→ YOUR INSTRUCTIONS
The range to repeat runs from the line with "08713297812 Relógio Feminino" to the last line below, both ends included; give it exactly and without pictures.

→ GIVEN MATERIAL
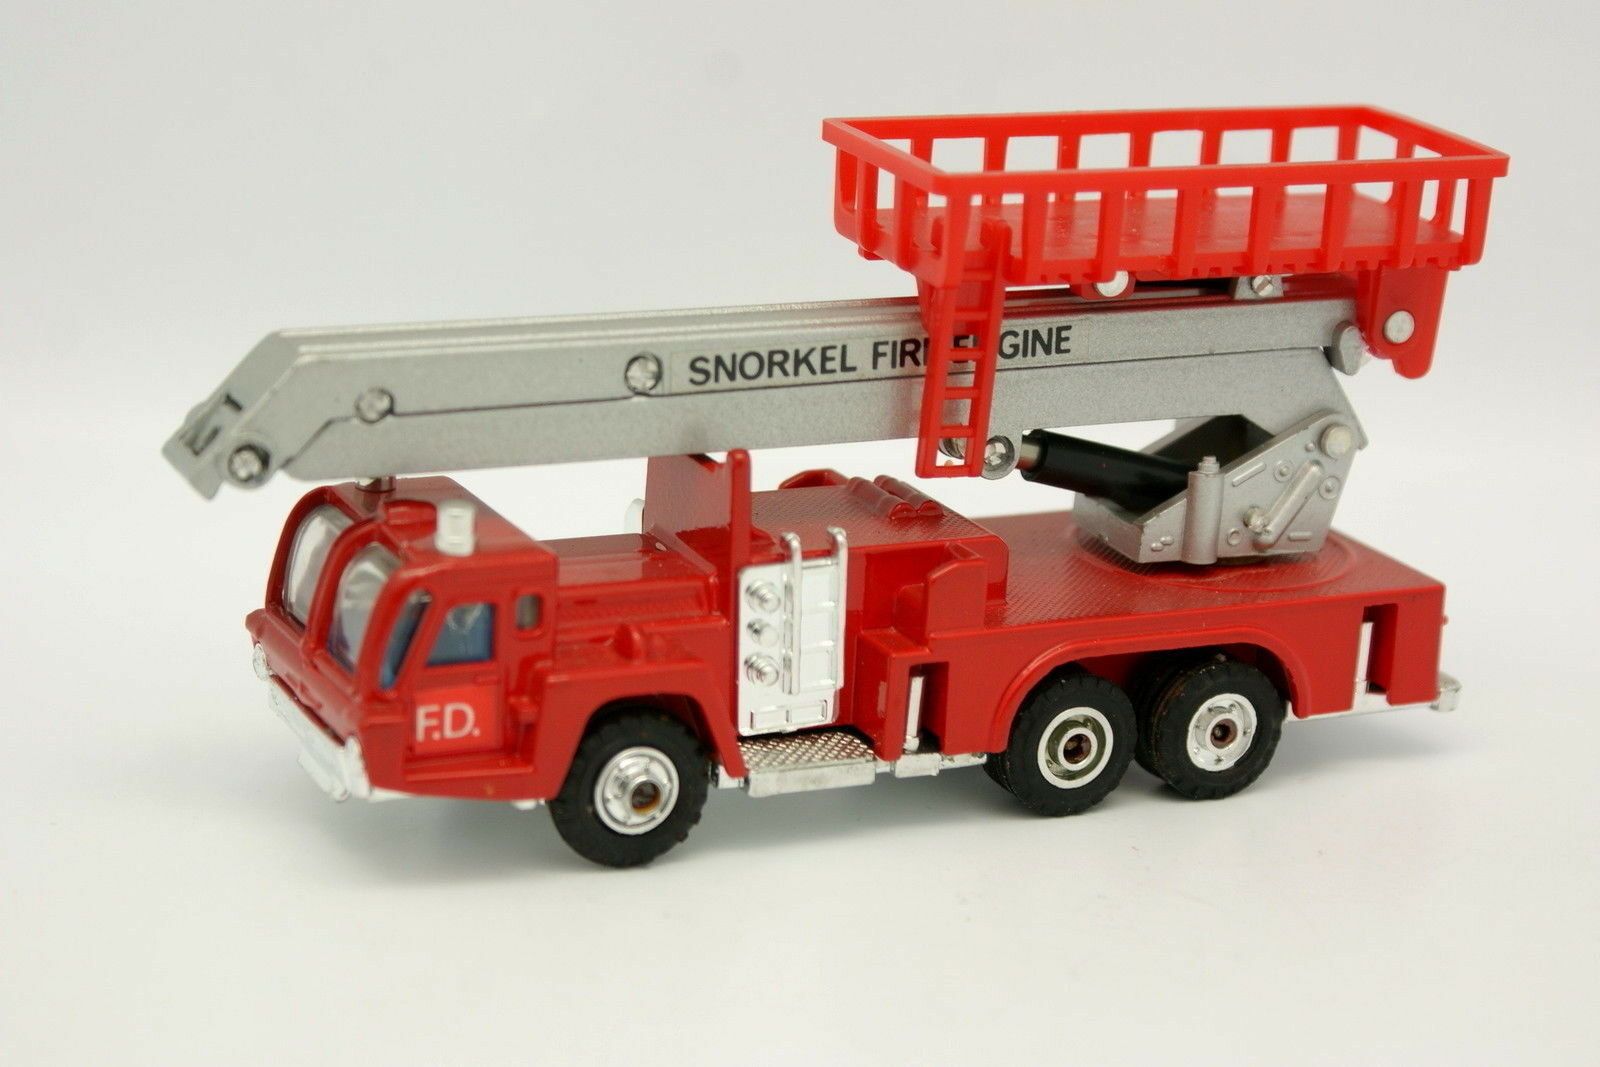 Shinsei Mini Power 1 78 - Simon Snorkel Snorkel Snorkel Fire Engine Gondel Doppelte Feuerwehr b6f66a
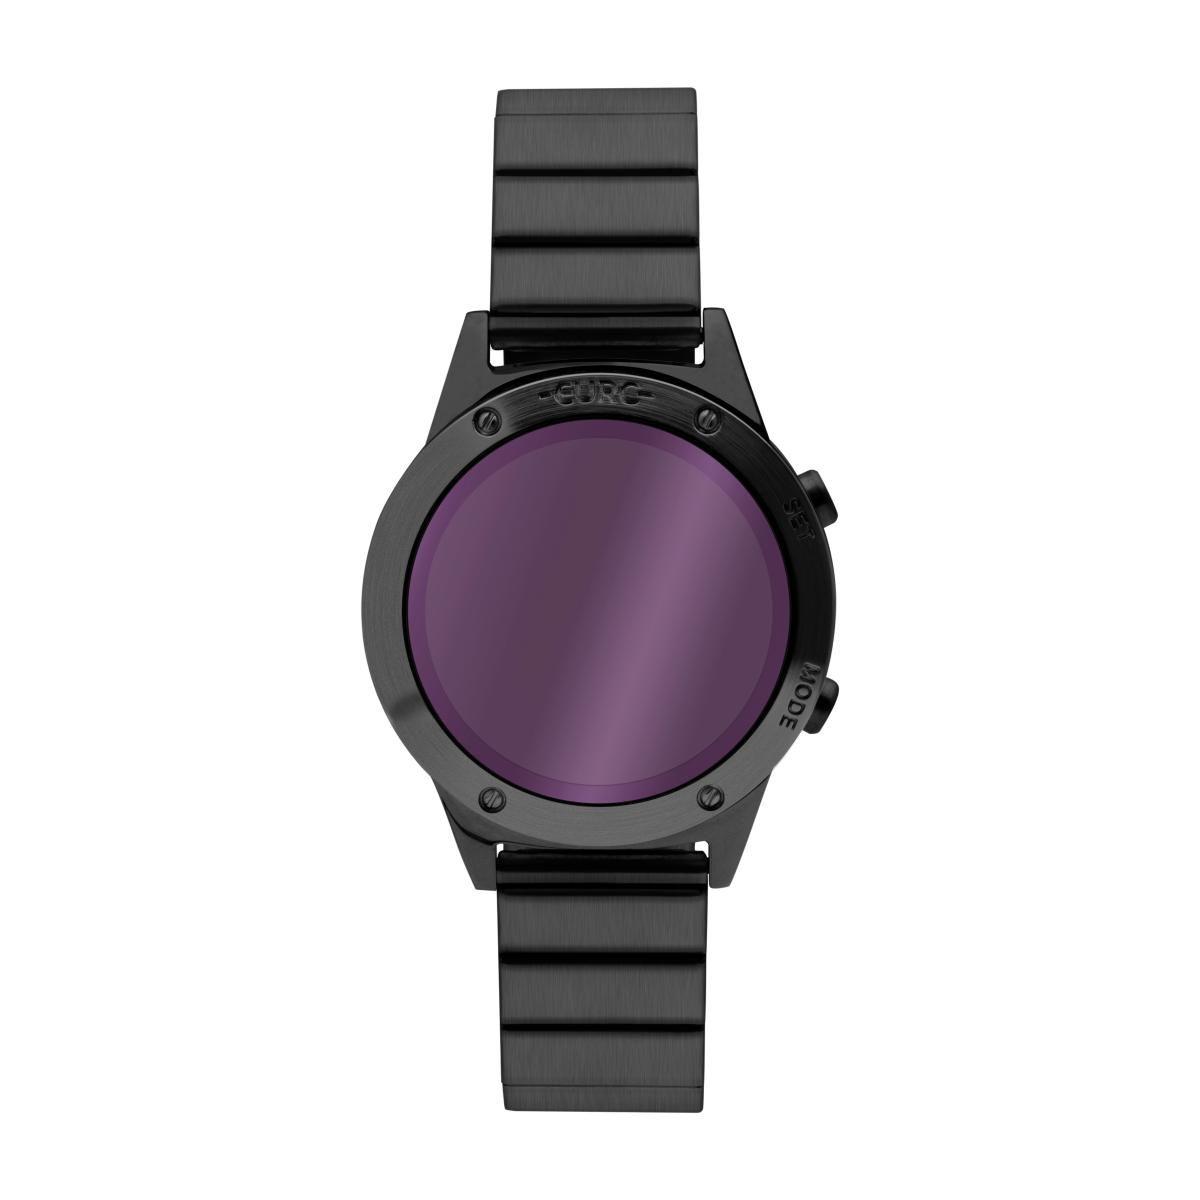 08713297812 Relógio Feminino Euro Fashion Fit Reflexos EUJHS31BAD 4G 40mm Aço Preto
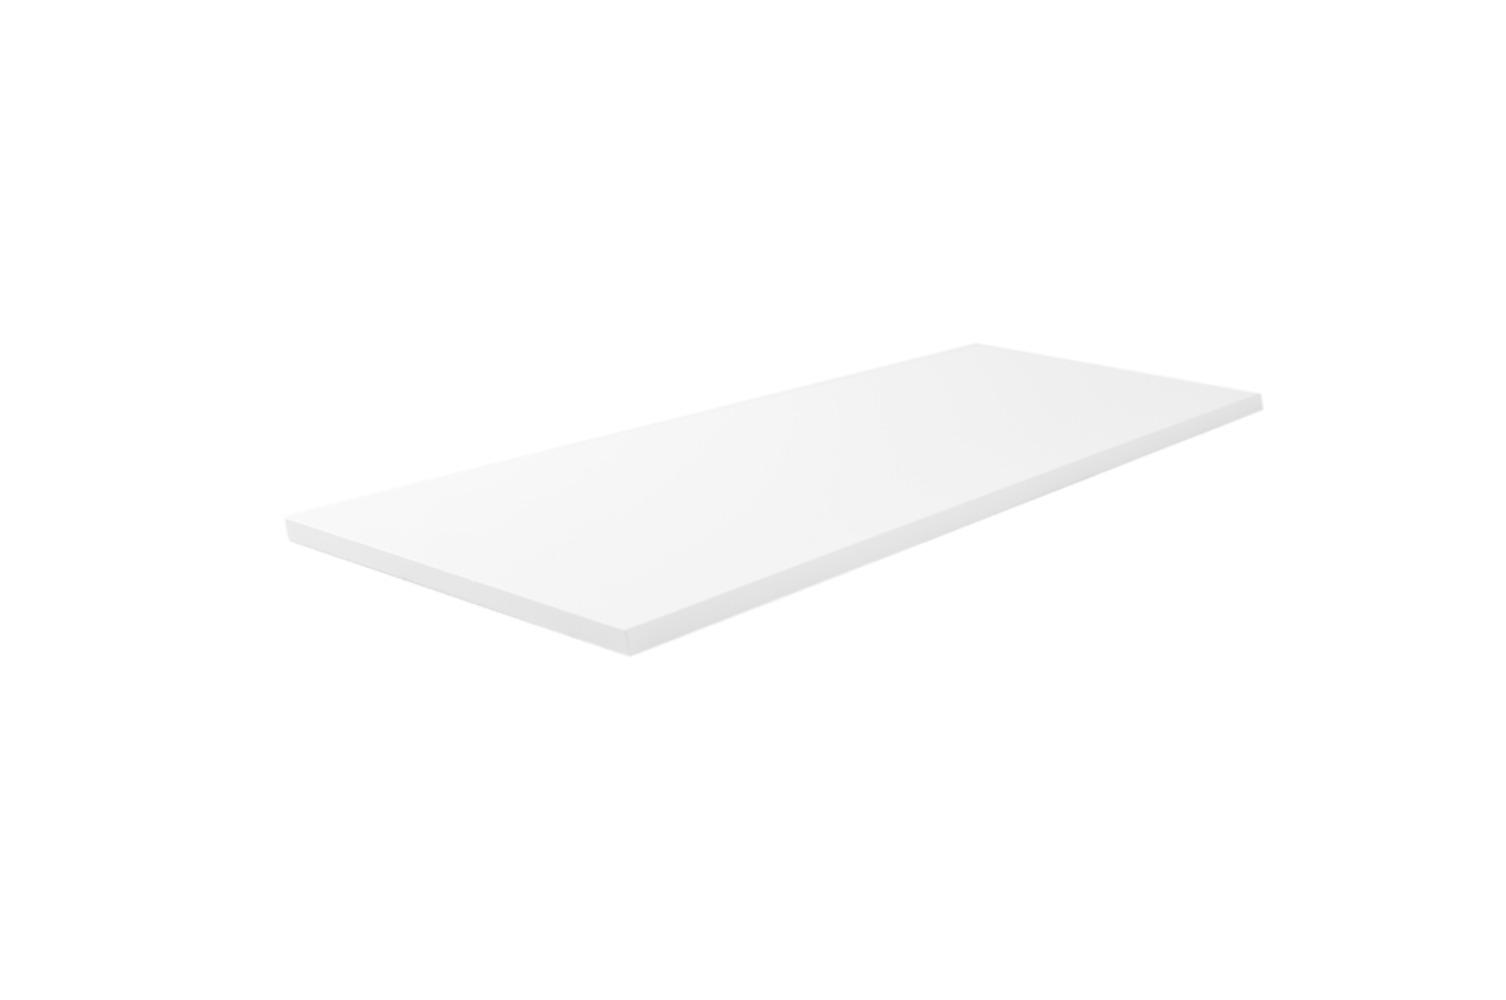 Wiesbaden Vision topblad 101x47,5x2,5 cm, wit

→ FINAL ANSWER
 08713297812 Relógio Feminino Euro Fashion Fit Reflexos EUJHS31BAD 4G 40mm Aço Preto
 Wiesbaden Vision topblad 101x47,5x2,5 cm, wit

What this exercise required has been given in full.